Sound

Sound Jokes

I bought a wooden whistle. But it wooden whistle. so I bought a steel whistle. But it steel wooden whistle. So I bought a lead whistle. But it steel wooden lead me whistle.

I saw a sign that said “Watch for children” and I thought, “That sounds like a fair trade.”

Why do self-harmers "draw" on their arms? Because everything they do is in vein Punchline: "Vain" sounds similar to "Vein".

You: Say "addicted" after everything I say. Person: Uh okay. You: When you're obsessed with candy you are...? Person: Addicted. You: When you're obsessed with drugs you are...? Person: Addicted. You: What hit you in the face last night? Person: Addicted... *laughs* (It's supposed to sound like "A dick did")

What is the difference between a frog and a horny toad? One says “Ribbit, Ribbit” and the other says “Rub it, Rub it”.

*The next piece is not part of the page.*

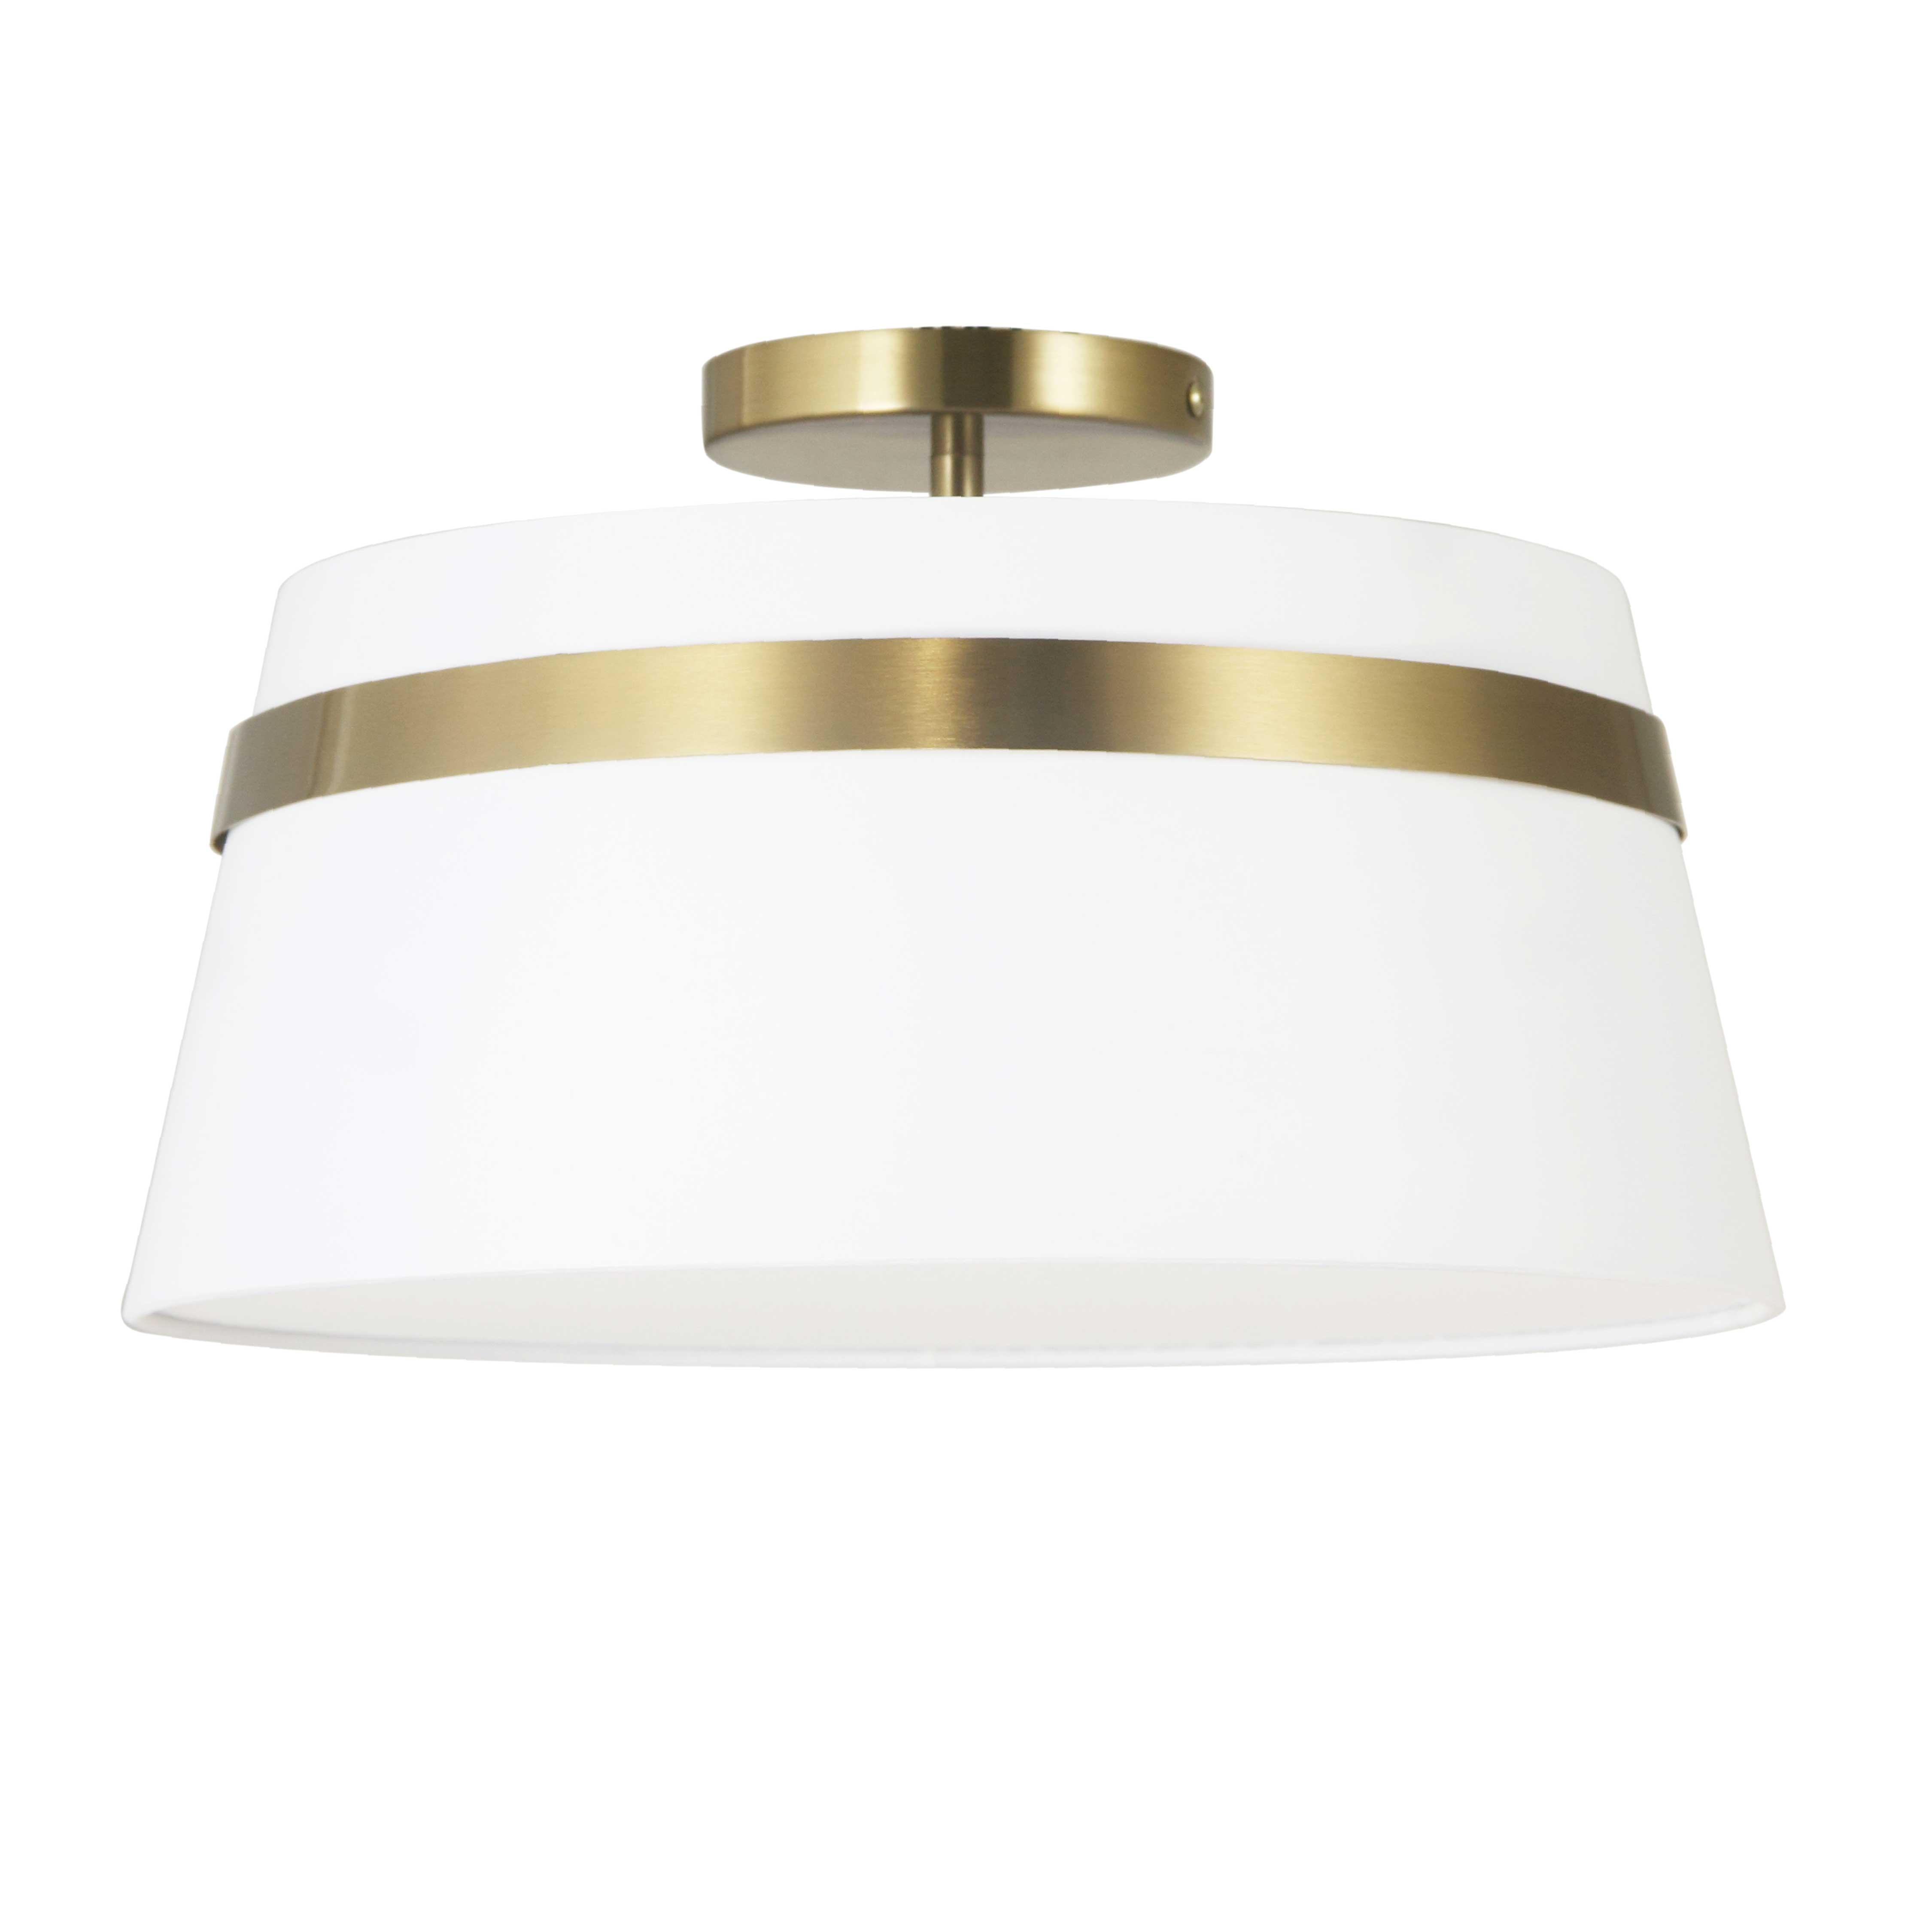 3 Light Incandescent Aged Brass Semi-Flush Mount w/ White Shade

Little Johnny and his teacher were telling each other jokes and riddles, His teacher asked "Three birds where sitting on a wire, a hunter shot one. How many are left?" Little Johnny replied "None, because the sound would scare the other two away." His teacher said "No, but I like the way you think!" Little Johnny replied, "Alright, now I have one for you. What goes in dry and hard and comes out soft and hard?" His teacher was shocked and said "Little Johnny!" He replied "It's gum! But I like the way you think!"